When Gratitude Is Toxic

Of all our spiritual practices, the one thing we know we can depend on is gratitude, right?

WRONG.

Gratitude is indeed a blessed, beautiful, important practice, when it is sincere. But when forced, gratitude can be manipulative, toxic and a waste of time.

I spent my 20’s dating, engaged, then married to a wonderful man. This was a man who served me at every turn. He was supportive and caring. I thought I had the husband of the century. So when I felt that something was off in the relationship and developed a mysterious resentment towards him, I figured the problem had to be me.  I was convinced I just needed to become more grateful for what I had.

I wrote gratitude lists for all the qualities I loved about him, which sounds like a nice, wise, spiritual thing to do. But when it came down to it, I wasn’t writing those lists because I was grateful. I was trying to turn up the volume on “grateful”, in order to the volume down on my truth.

Ten years into the relationship, he revealed a deep betrayal that had been going on since day ONE.  Do you know what I feel grateful for now, five years later? MY INTUITION.

In this instance, gratitude caused me not to trust myself. It quieted the spiky, suspicious voice of my truth; soothing and smoothing it like a honey-voiced Professor Umbridge from the Harry Potter movies.

Gratitude was like the shrunken gel air freshener in a smelly gas station bathroom.

Genuine gratitude is of course, important. But when used to push our feelings away, gratitude can be downright toxic. (click to tweet)

An example of this from my current life is the city in which I live. I hate living in North Carolina.

There, I said it.

Am I grateful for the lessons I’ve learned here, and the wonderful people I’ve met? 100%.  Am I grateful for the river, the mountains, the crickets I hear at night? About 20%. I’m a city girl, through and through. In the words of Walt Whitman, “Keep your quiet places by the woods, give me the streets of Manhattan!”

Here’s the thing – that does not make me ungrateful.  It makes me HONEST.

In my new book Club Macaron (available now through May 31st), there is an entire chapter dedicated to this particular kind of honesty, which is what I call Vérité.

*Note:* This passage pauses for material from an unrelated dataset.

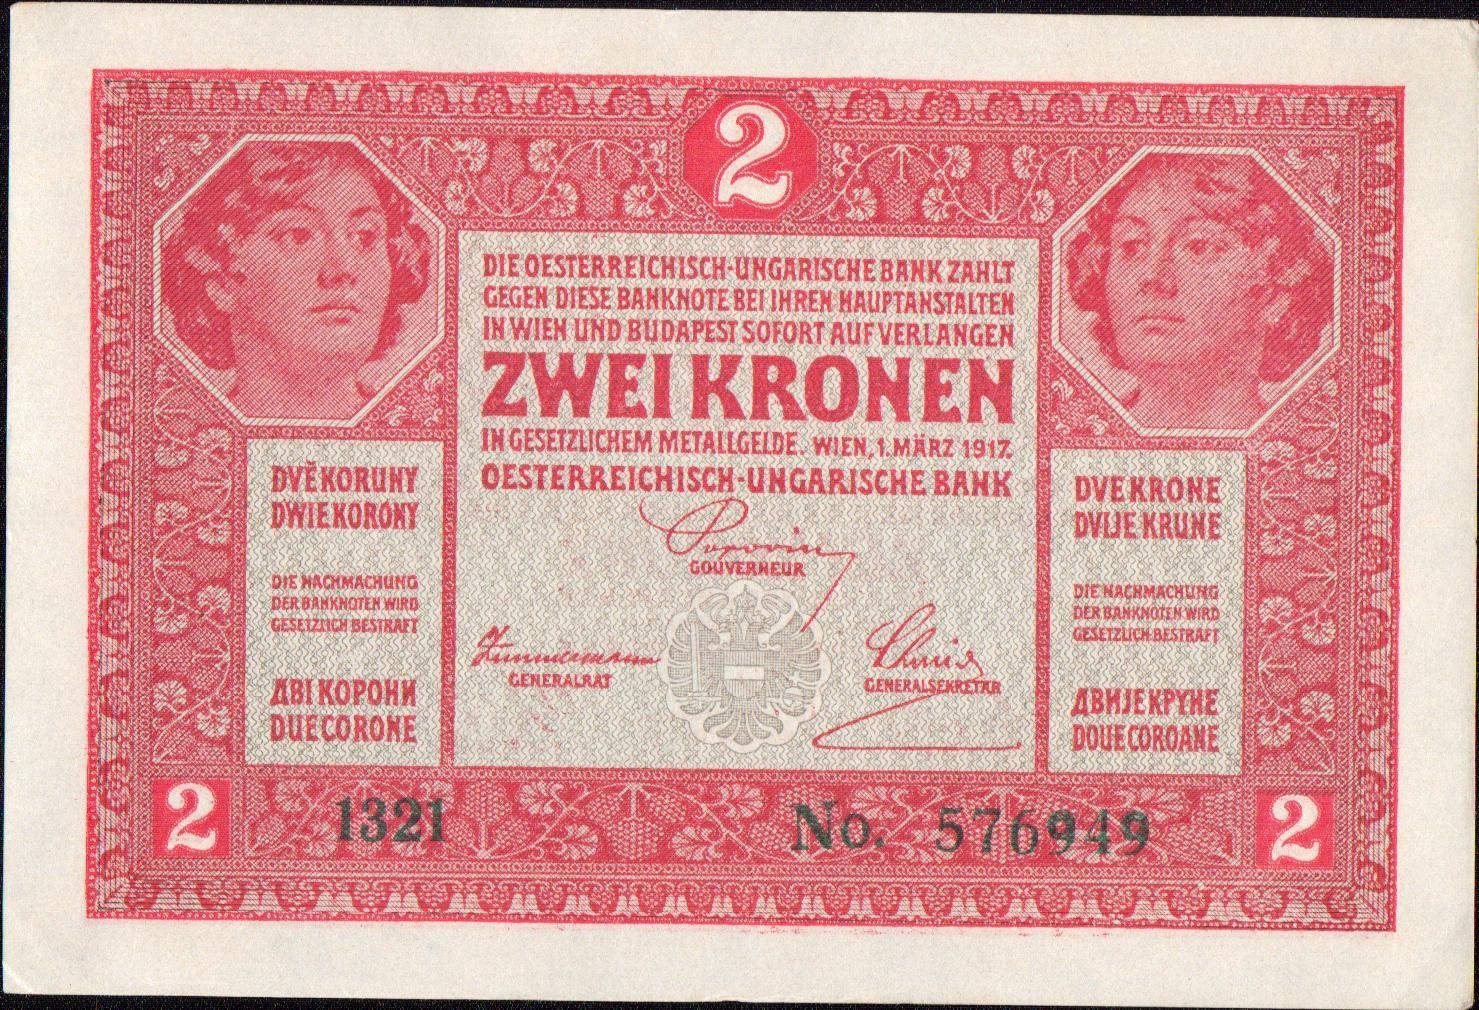 2K/1917/, stav 0, série 1321

Vérité is the French word for truth, but its meaning goes deeper than one word. Vérité is the truth beneath the truth.  Vérité is not nice, nor is it mean.  It is the truth that can’t be glossed over with gratitude.  It is the truth that takes a bit longer to rise because it is not coming from the knee jerk reaction of “I’m fine.”

The moment you enroll in Club Macaron you will receive instant access to the print and PDF book with a whole chapter on Vérité (how to listen for it, speak it, and live it) as well as a members-only class on The Art of Assertiveness.

Ready to trade in forced gratitude for silver tongued truth telling?

Club Macaron is only available for a limited time, click here to join us now!

10 comments

  1. One city girl to another…. LOVE this post! Enjoying your writing and interesting to learn u r in NC. I am traveling thru NC this week on a road trip! Sohoo many trees!

  2. Wow. Thank you so much for this. I had an eerily similar experience in my former marriage and I truly appreciate your honesty – no need to cover up real feeling and intuition with niceties – it’s a lesson I’m still learning. Love your post.

  3. Confirmed and thank you!!!! I also spent too many moons trying to convince myself to appreciate what I had in my “so far from perfect” marriage. I came to the realization that being hopeful was not my friend either…it kept me in limbo…at the end of the day, you truly need to listen to yourself and do what is right for you and only you!

  4. I love This! Sometimes, I feel I push myself to be “grateful” instead of honest (classic spiritual bypass!). Great reminder that it’s okay to be honest.